To compose an argument about why this should be so, I'll scale down,
and consider a class-based re-implementation of simple integers:
class Int
{
int rep;
public:
Int(const Int& a) :rep(a.rep) {}
Int(int i = 0) :rep(i) {}
void operator = (const Int& a) { rep = a.rep; }
void negate() { rep = -rep; }
void operator +=(const Int& a) { rep += a.rep; }
void operator -=(const Int& a) { rep -= a.rep; }
void operator *=(const Int& a) { rep *= a.rep; }
void operator /=(const Int& a) { rep /= a.rep; }
};
This definition is very much an object-oriented one. However, I bet
that few programmers would like to use it. Instead of coding integer
operations in a familiar expression-based (value-based) notation like,
for Int a, b, c, d;
a = (b - a) * -(d / c); (*)
they would be forced into something akin to assembly language
calculations, hand-translating their intentions (i.e., (*)) into
Int t1(b); t1 -= a; (**)
Int t2(d); t2 /= c;
Int t3(t2); t3.negate();
Int t4(t1); t4 *= t3;
a = t4;
Unless, of course, they are pretty good hand-optimizers! In which
case, using some basic, well-known arithmetic optimization (rewriting)
principles, they could write this more efficiently as,
a -= b; a *= d; a /= c; (***)
Hardly anyone likes to hand-optimize such expressions. (The fact that
the object operations employ operator notation (`t4 *= t3') instead of
prefix notation (e.g., `t4.mul(t3)') scarcely makes this any more fun.)
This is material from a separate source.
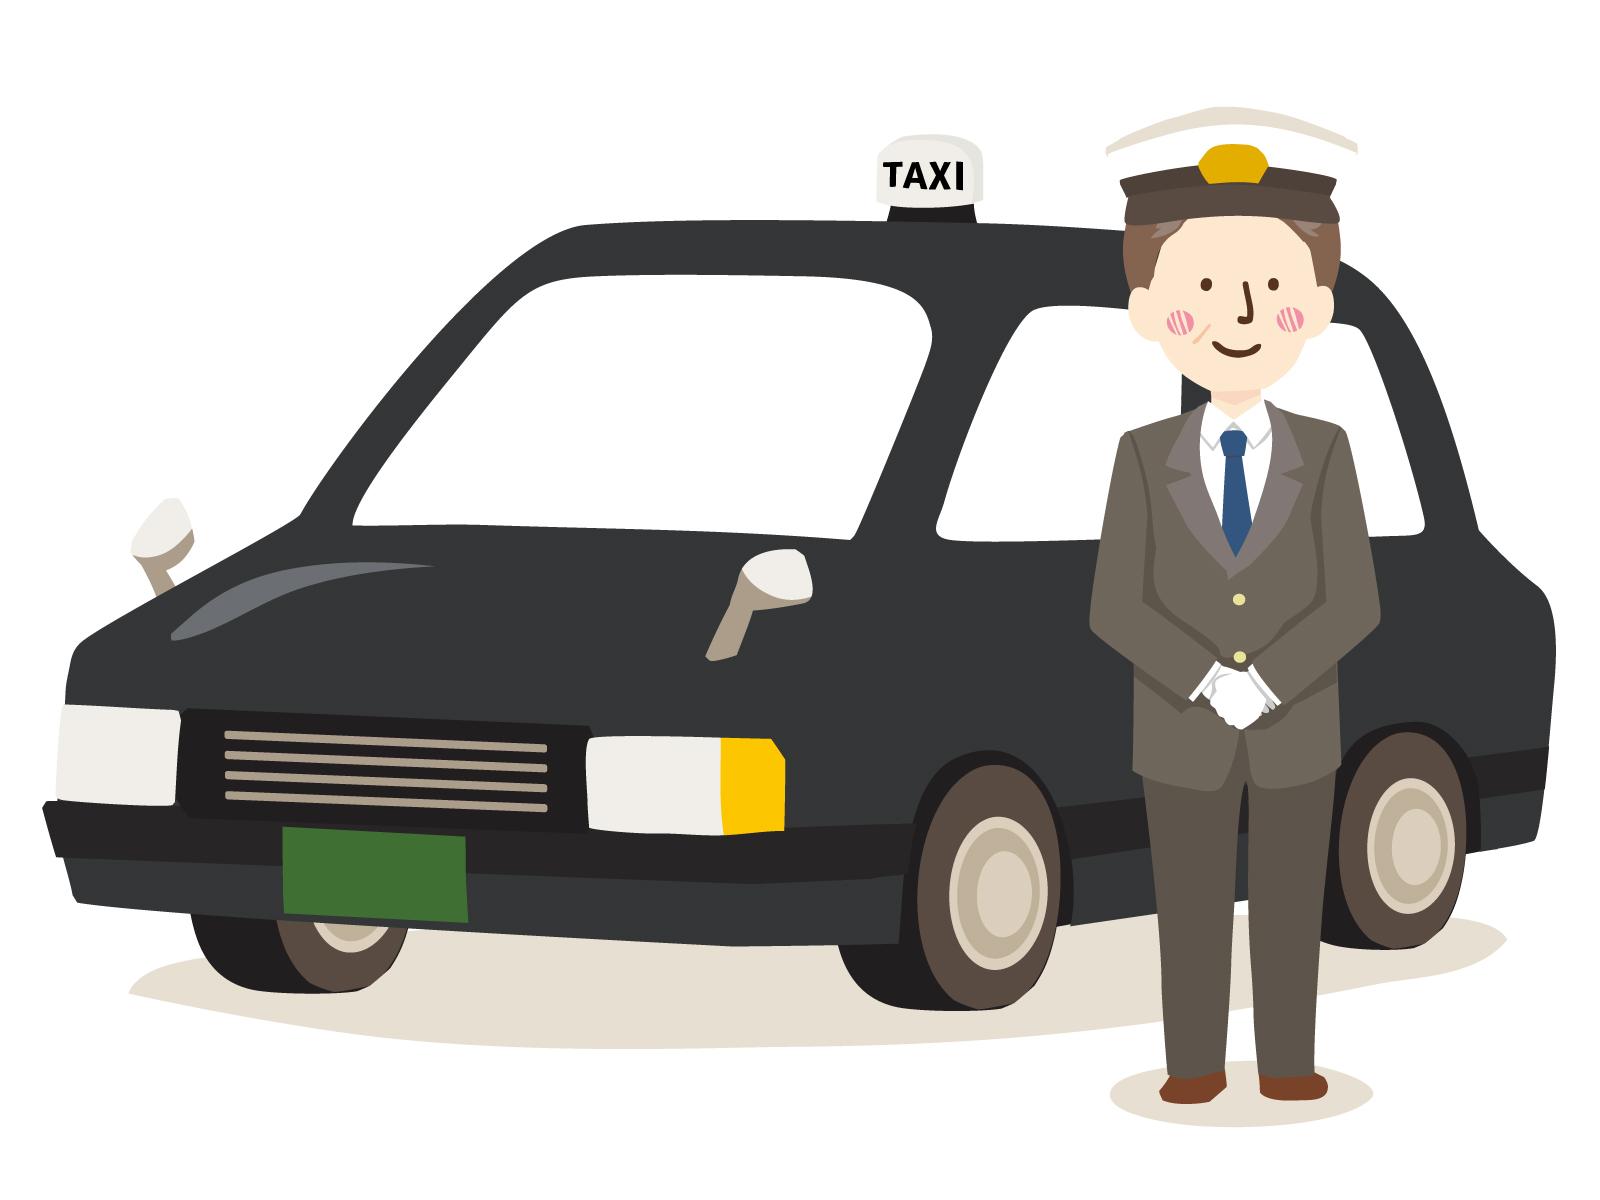 横浜のアサヒタクシーが、車内の除菌・抗菌対策に【銀イオン水(AG+)】を採用!製造元は内海商運の扱う銀イオン+と同じ環境サイエンス!

Now, it is not hard to completely automate the first (*) => (**)
translation step via
Int operator - (const Int& a) return r(a) { r.negate(); }
Int operator + (const Int& a, const Int& b) return r(a) { r += b; }
Int operator - (const Int& a, const Int& b) return r(a) { r -= b; }
Int operator * (const Int& a, const Int& b) return r(a) { r *= b; }
Int operator / (const Int& a, const Int& b) return r(a) { r /= b; }
As I mentioned in my previous note, these are perhaps best thought of
as extensions or disguised forms of Int constructors. Named return
values make these simpler, faster, and more obvious, I think.
My points so far are:
1) For many classes, expression-/value- based operations support a more
natural programming style, that C++, as a hybrid language, is fully
capable of supporting.
2) Object-based operations are surely the more central and basic in
any object-oriented language, since value-based operations may
be layered on top of the object-based ones.
3) As proponents of functional programming like to argue, the use of
value-based operations results in code that is almost always
easier to informally and formally verify for correctness. However,
layering-in value operations as a `translation' step, makes design
and verification at the object level easier too, since one need
`merely' determine that the translation preserves correctness.
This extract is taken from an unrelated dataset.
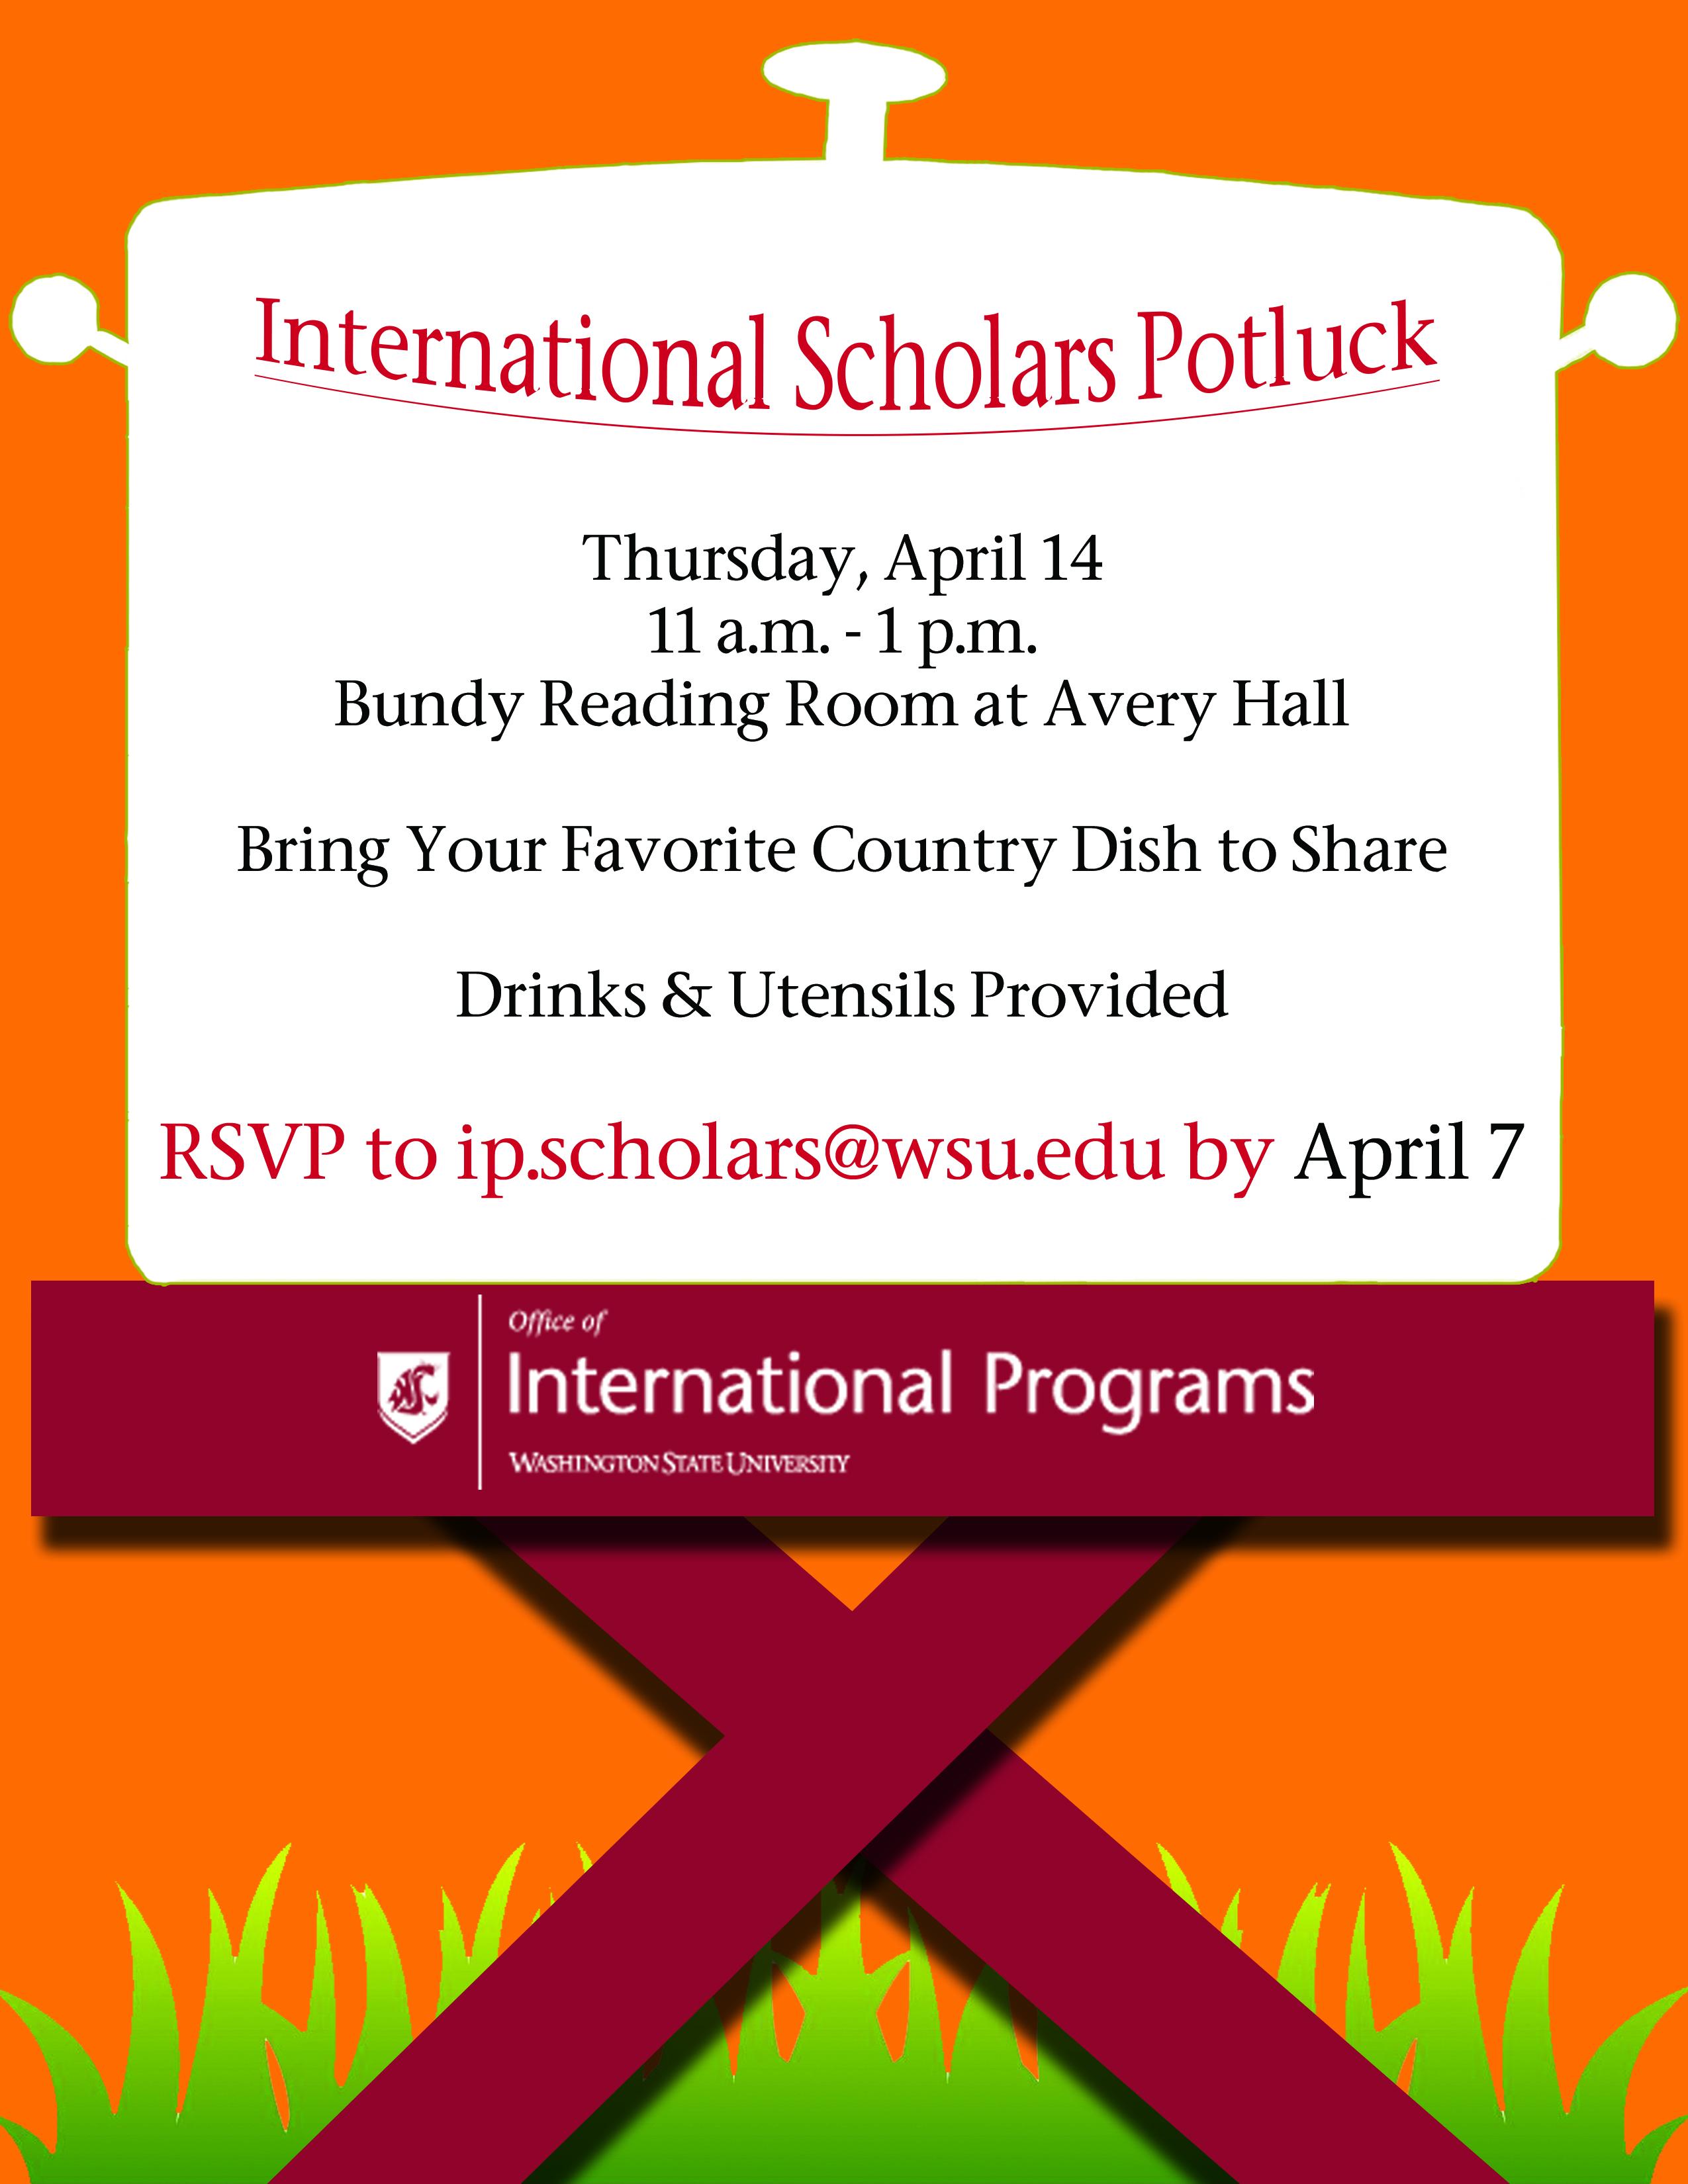 international scholars potluck office of international programs

The kinds of optimizations seen going from (**) to (***) are further
refinements of this expression translation process, familiar to
assembly language programmers, compiler writers, and those studying
general program transformation techniques (e.g., the work inspired by
Burstall & Darlington).
Automation of such optimizations requires capabilities that seem
currently unavailable in C++. There are a lot of well known `tricks'
(reference counting, temp classes, etc.) that can exploit some of the
most glaring opportunities, but there are no built-in
`compiler-compiler' constructs that would allow programmers to specify
all of the kinds of optimizations possible for these kinds of classes.
Among the most frustrating aspects of all this is that these
optimizations are, on the one hand, fairly obvious and well-known,
but, on the other hand, very tedious and error-prone to carry out
manually every time you write out an expression. Yet more frustrating
is the fact that nearly any compiler already knows how to optimize
expressions involving built-in data types like int, float, char, but
knows nothing at all about expressions involving user-defined types
like Int.
These seem to be the available options for implementors of such classes:
1) Refuse to support expression-oriented operations.
2) Support both the object-oriented methods, and simple
value-to-object translations, thereby allowing programmers to
hand-optimize using the object operations if they need to.
3) Support as much optimization as you can manage from within
the confines of C++.
4) Write expression node classes that form expression trees during
*runtime*, and fully optimize the trees, again during runtime
before processing. (E.g., ExprNode operator + (Int&, Int&); makes
a node, and Int::operator=(ExprNode&); evaluates it.)
5) Write class-specific preprocessors, that perform optimized
translations using knowledge that can't be expressed in C++.
6) Extend the language.
Choosing (1) means that people will find the class difficult and/or
annoying to use. Even the purest object-oriented languages provide at
least some arithmetic operator support, probably because programmers
would refuse to use them otherwise. As Michael Tiemann says, code
isn't reusable if it's not usable!
(2) is perhaps the most practical way to proceed right now, and is
fully within the spirit of the C/C++ maxim of `make it right, *then*
make it fast'. (Note, for example, that C/C++, unlike many languages,
already supports many object-based operations on builtin types, like
operator +=, that were designed, in part, to make hand-optimization by
programmers easier.)
I have written a bunch of libg++ classes along the lines of (3).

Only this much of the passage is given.